If he is right, we do not actually move smoothly through space, either, but rather we kind of jitter along by occupying first one set of the Planck-sized doodads (real physicists say "quanta" instead of "doodads," by the way) and then actually jumping to another set of them a Planck-distance away. Planck distances are also so small that they can't be detected by any usual measuring instrument, but Hogan's experiment will show certain results if the lasers it uses are affected by this jitteriness.

The Holographic Principle is another idea that may go along with the universe's "jittery" nature.

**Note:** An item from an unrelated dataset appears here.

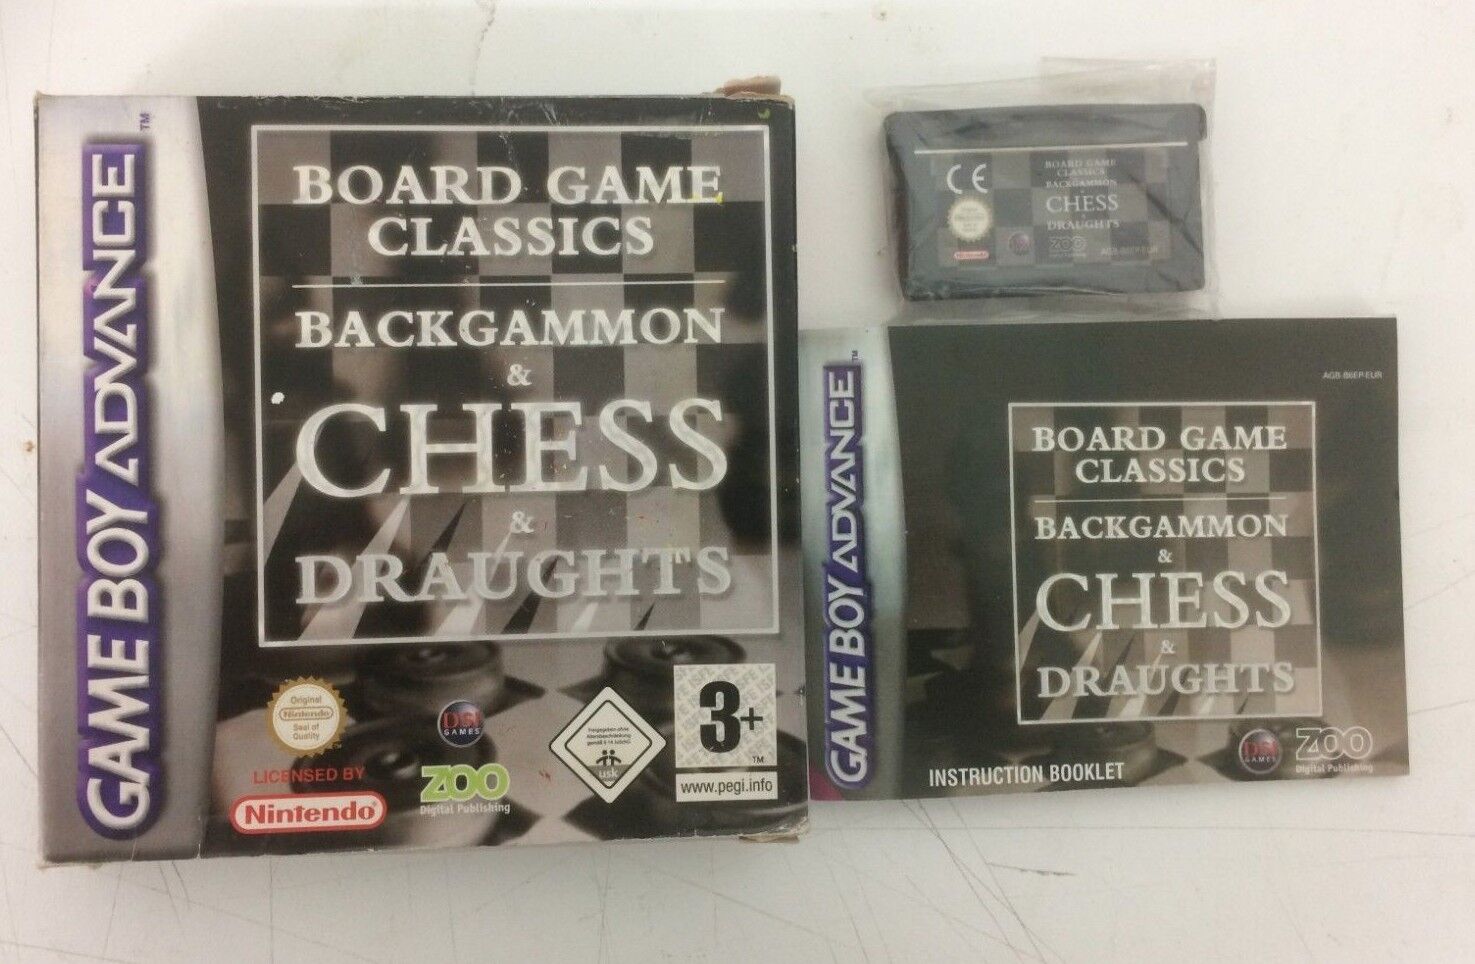 Board Game Classics Backgammon et Chess et Draughts Game Boy Advance

It's kind of fuzzy to me its own self, but the upshot is that each of these little Plancks is actually encoded information, like the bits in a computer that store its information. I will be a good boy at this point and deliberately not say "mind of God, anyone?" although I am sore tempted. Not that I believe Hogan's experiment would prove that the universe is somehow contained within God's thoughts. But it points out that folks who suggest that scientific views of the universe crowd God from the picture just aren't conversant with how weird the universe might really be.

I was asked once why I like this weirdo scientific physics stuff, considering that I make a point of describing myself as a pretty orthodox Christian theist. Aren't we the ones that deny evolution and insist the universe is 6,000 years old and stuff? Some of us do. But I personally believe that if I worship a God who is among other things, the source of all truth, then nothing that moves me closer to the truth can move me away from God. So neither side -- atheists or "young-earthers" -- has it right when they insist that the scientifically discovered or theorized view of the universe pushes God aside.

You might say that both views have a flaw -- and if Hogan is right, the flaw is that they are pointing out the mote in their opponents' eyes while ignoring the Planck in their own (Oh, c'mon, you knew I'd do it sooner or later).